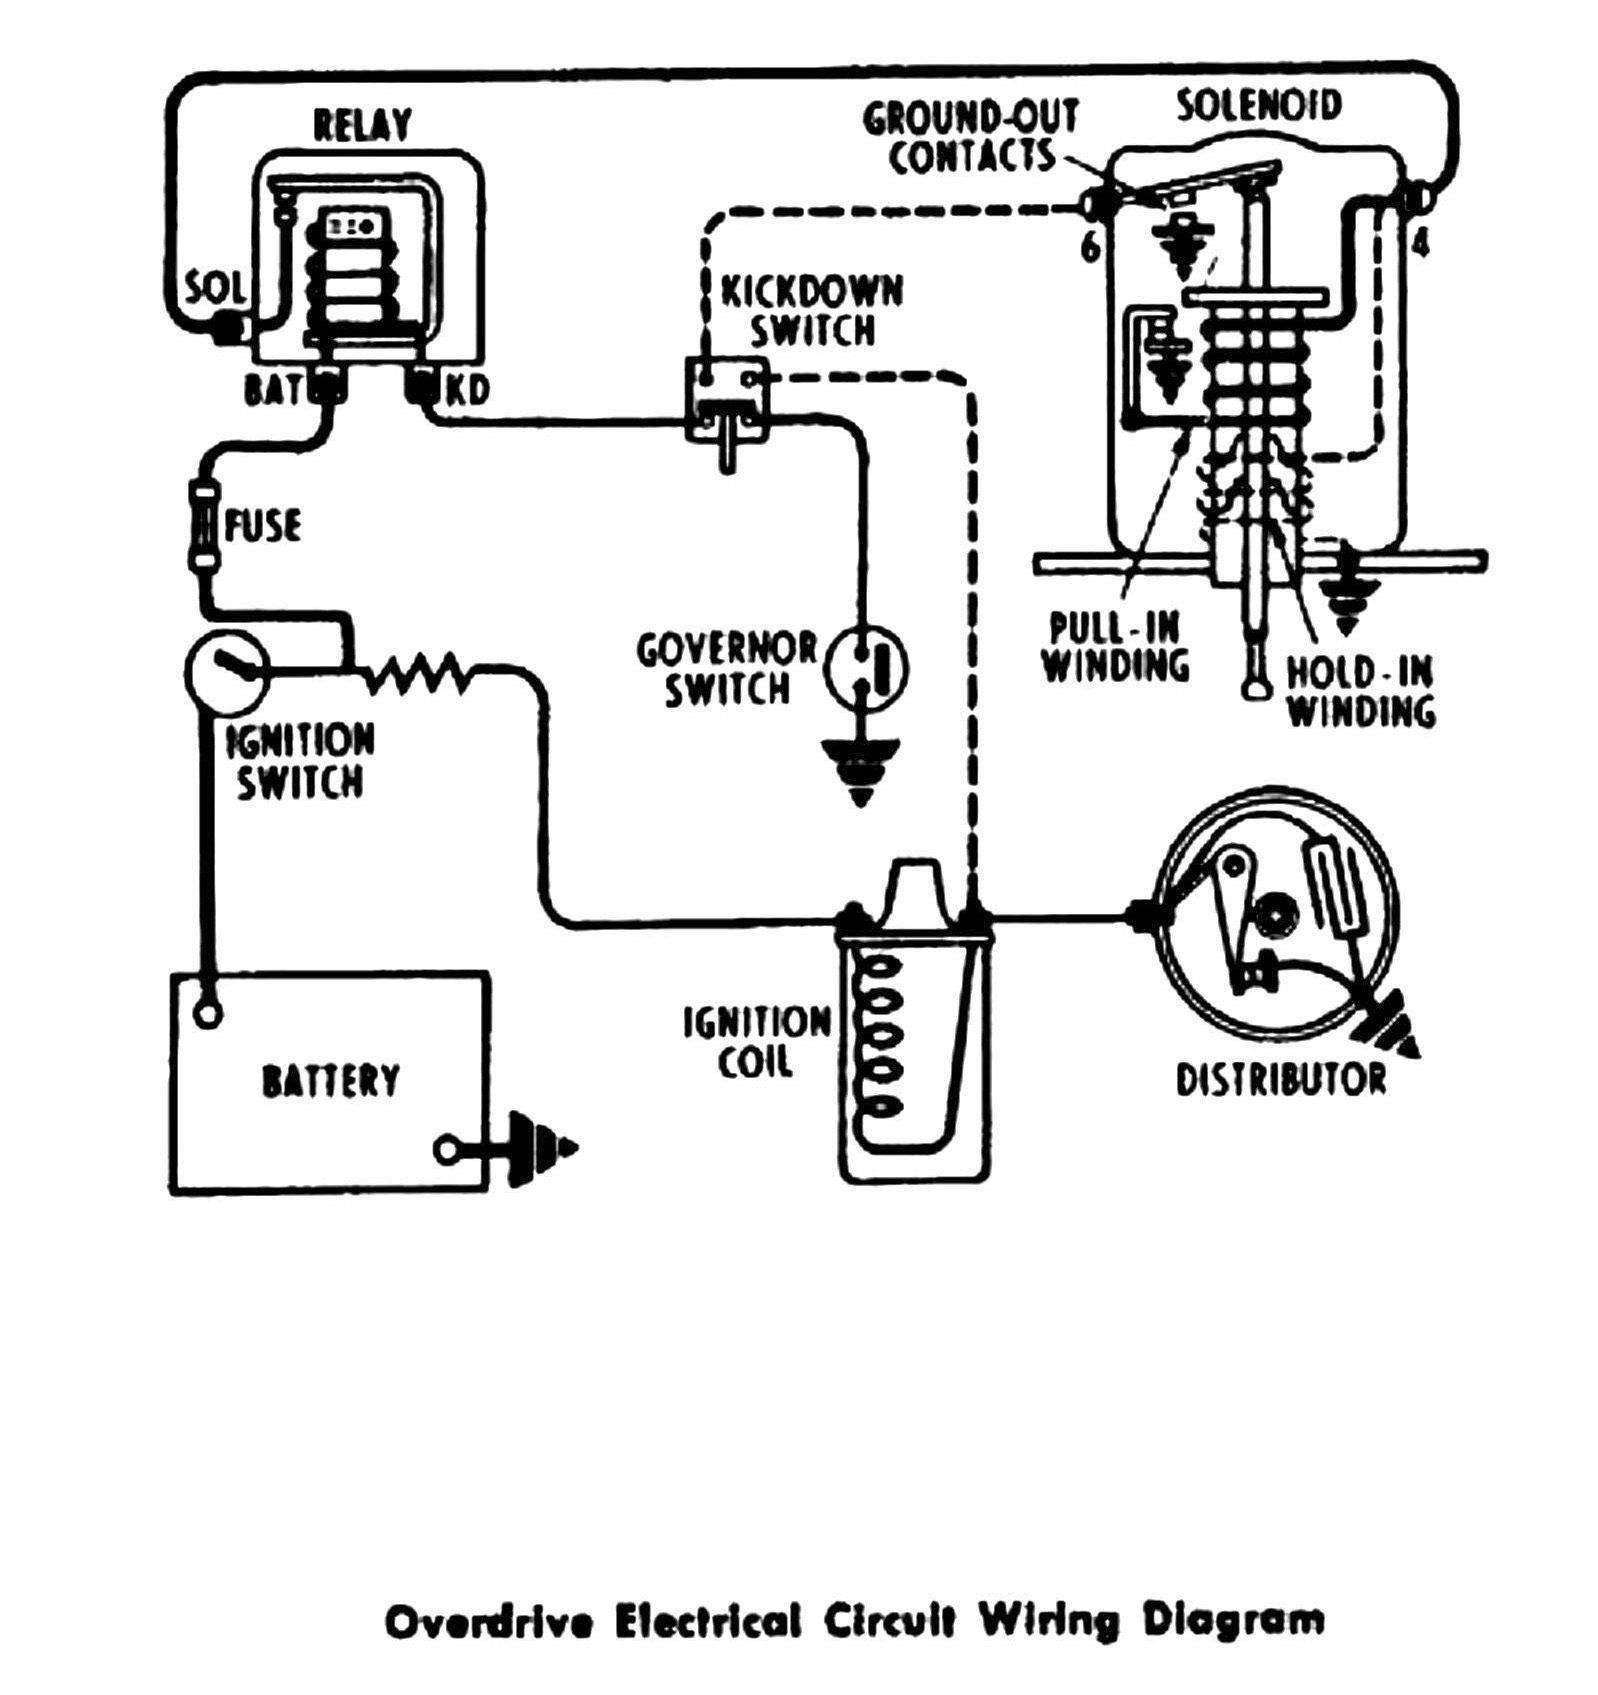 1955 Chevrolet Overdrive wiring
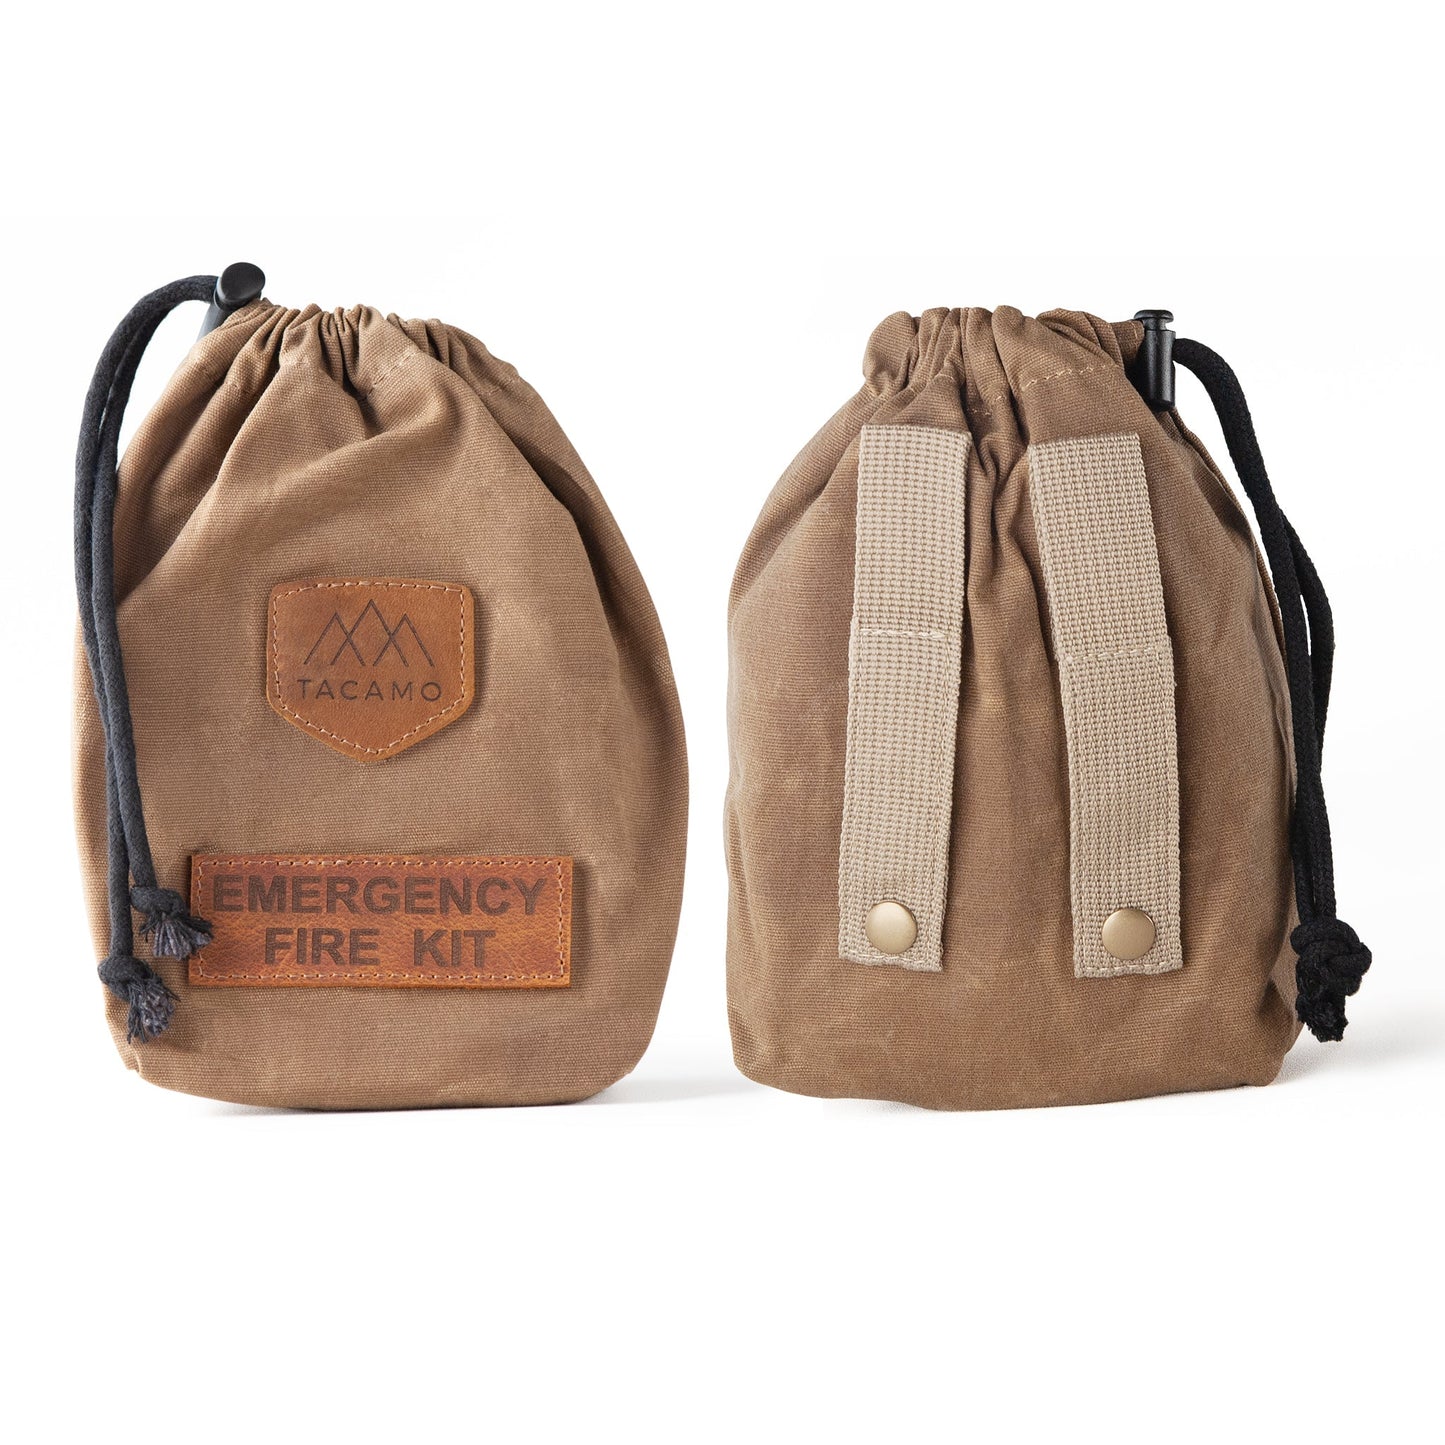 Durable canvas bag showing front and back from the TACAMO 15-Piece Emergency Fire Kit
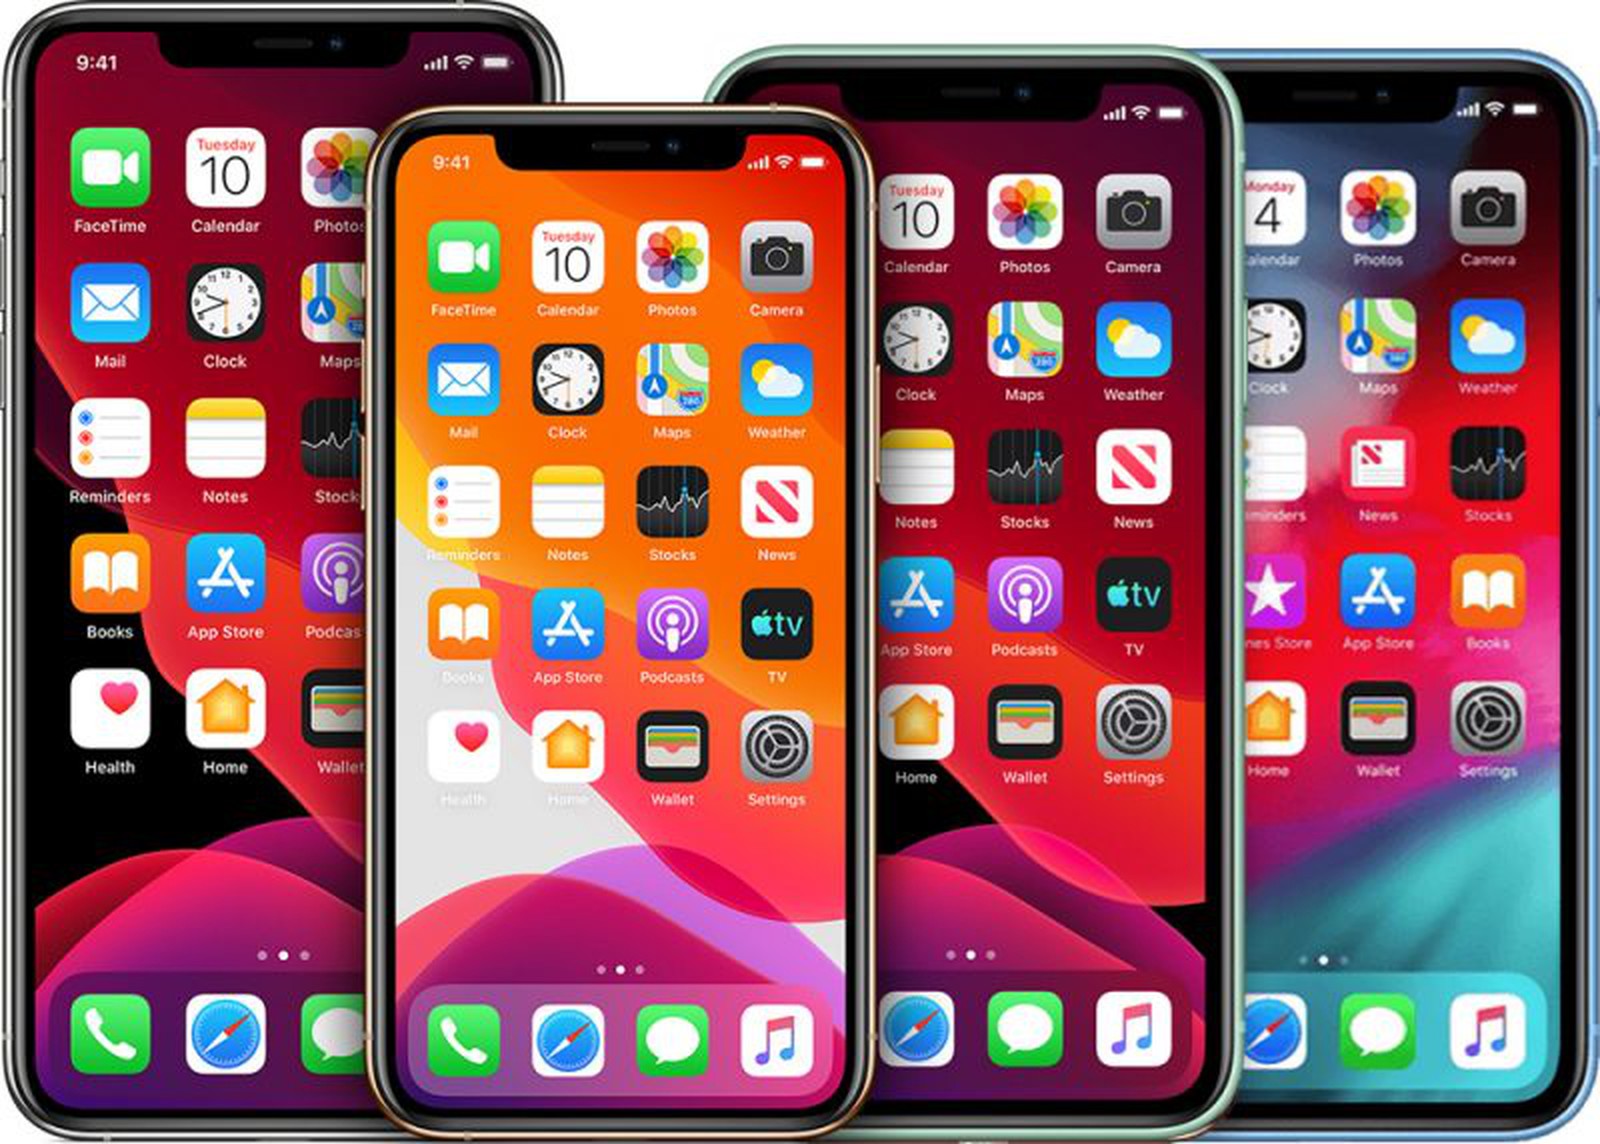 What to Expect From Apple in 2020 New iPhones, Refreshed iPads, Apple

:: Work instructions ::
When you copy the lines above, drop the pictures and keep everything else exact.

:: Exercise output ::
 1955 Chevrolet Overdrive wiring
 Durable canvas bag showing front and back from the TACAMO 15-Piece Emergency Fire Kit
 What to Expect From Apple in 2020 New iPhones, Refreshed iPads, Apple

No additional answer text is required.